→ **Task**
A verbatim restatement of the data, free of pictures, is what you should output.

→ **Source material**
┄┄┄┄┄┄┄┄┄┄

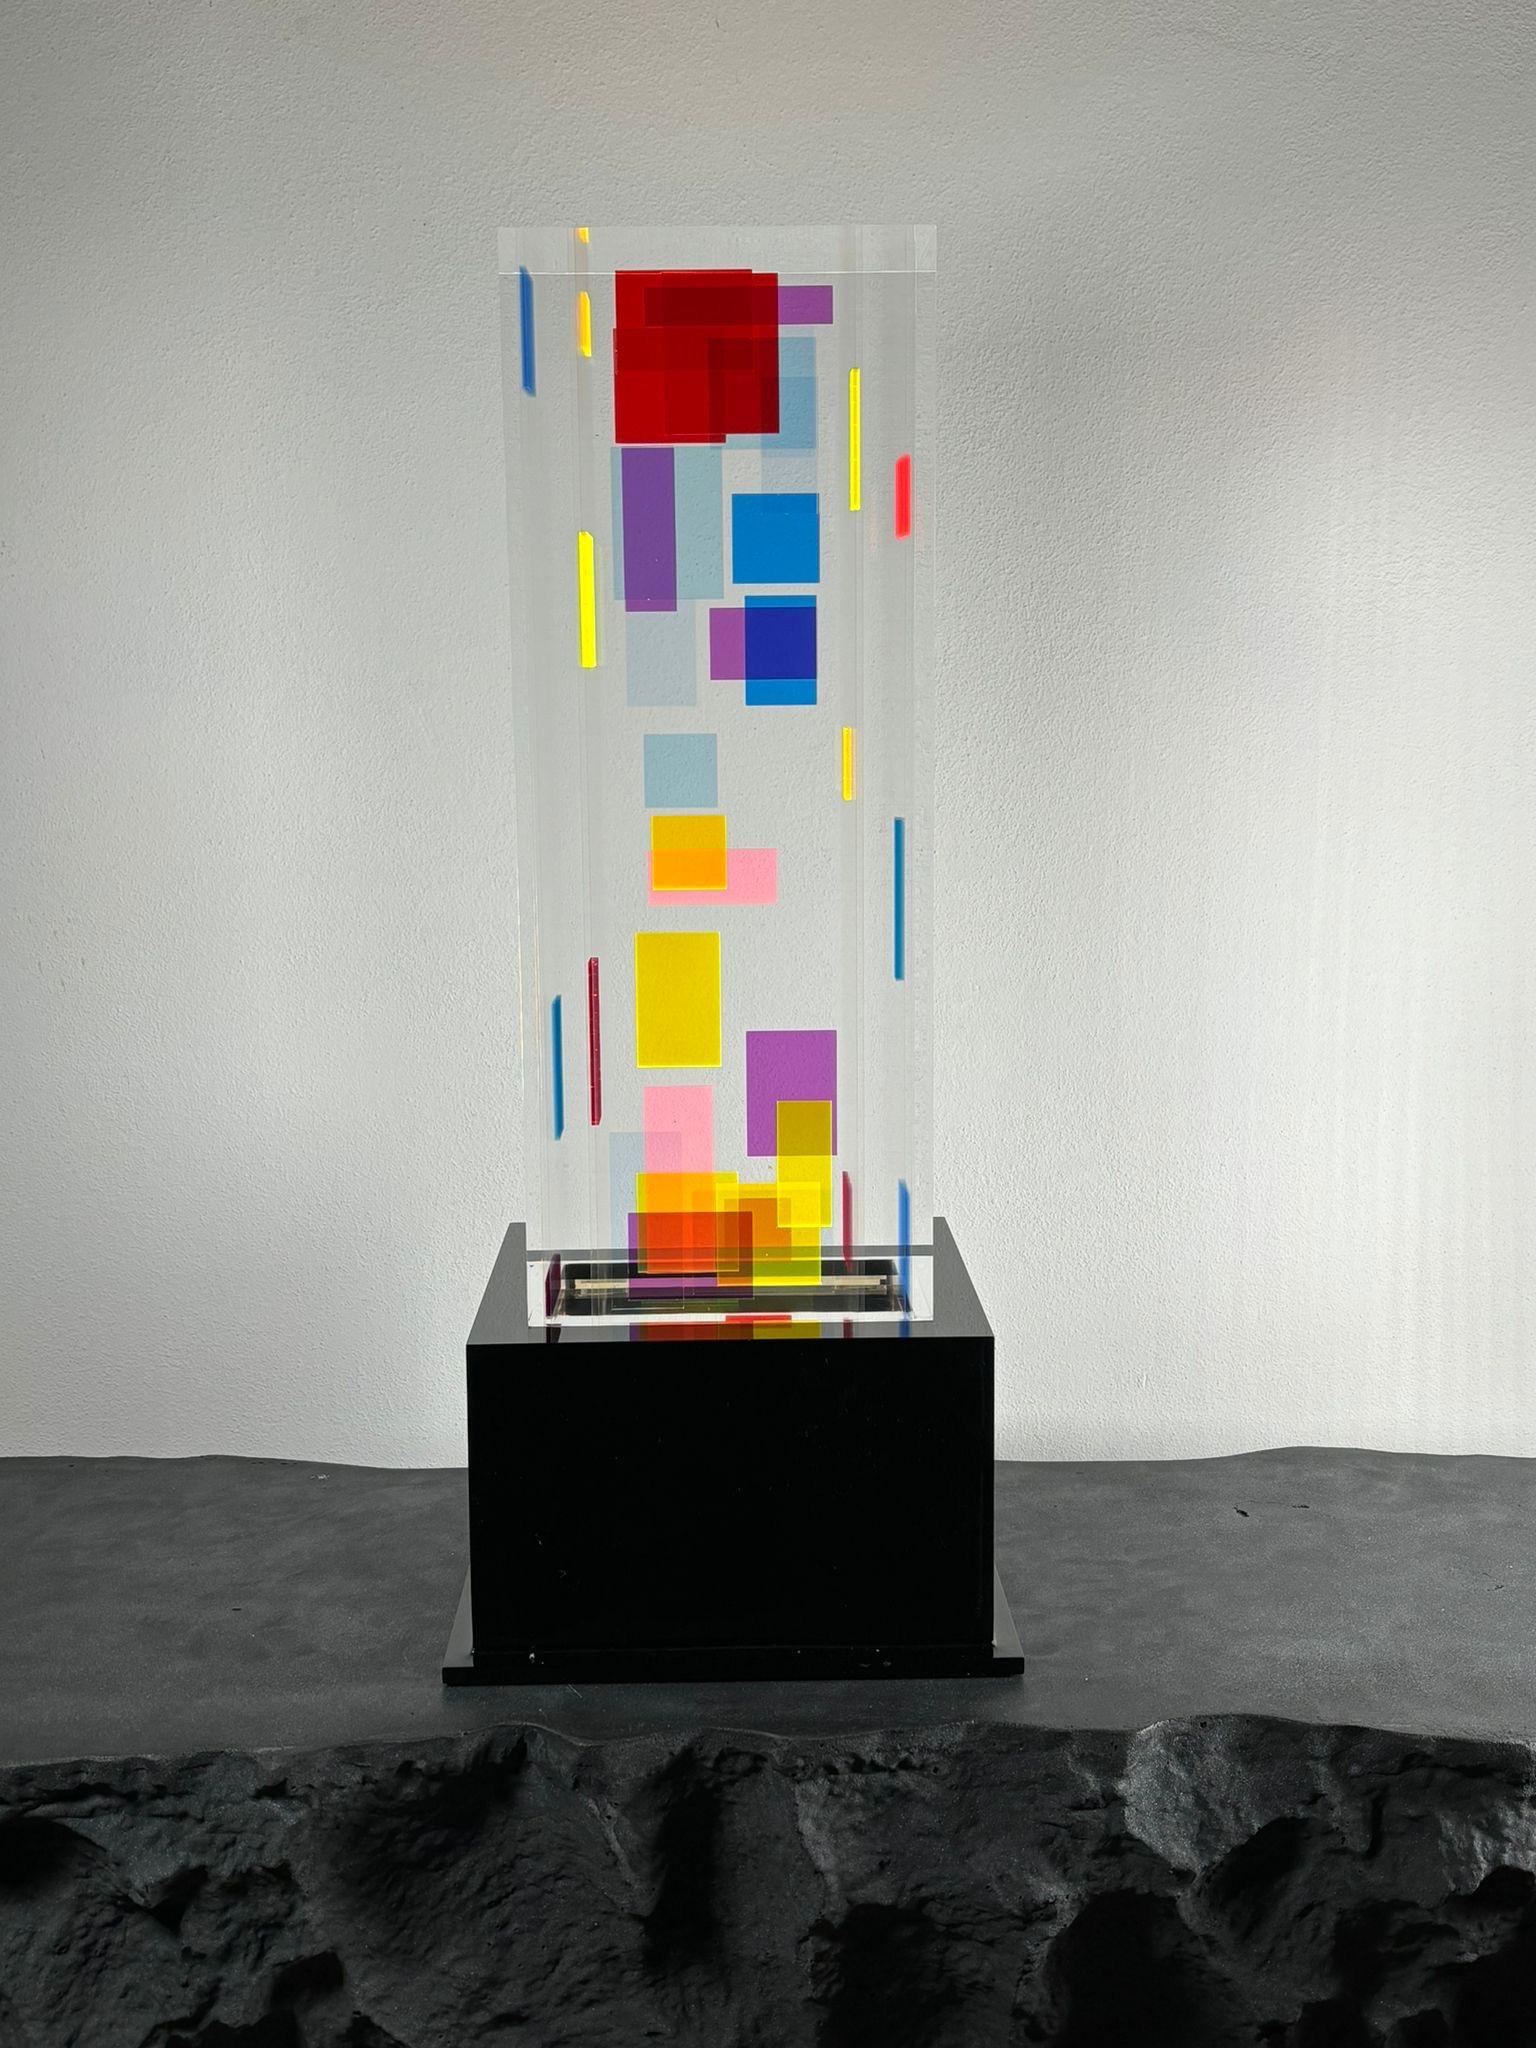 Lampe de table en plexiglas Modèle ADN conçu par Studio Superego pour Superego Editions. 
 
Biographie
Les éditions Superego sont nées en 2006, menant une activité constante de recherche dans le domaine des arts décoratifs en proposant des œuvres

┄┄┄┄┄┄┄┄┄┄

→ **Answer to the exercise**
 Lampe de table en plexiglas Modèle ADN conçu par Studio Superego pour Superego Editions. 
 
Biographie
Les éditions Superego sont nées en 2006, menant une activité constante de recherche dans le domaine des arts décoratifs en proposant des œuvres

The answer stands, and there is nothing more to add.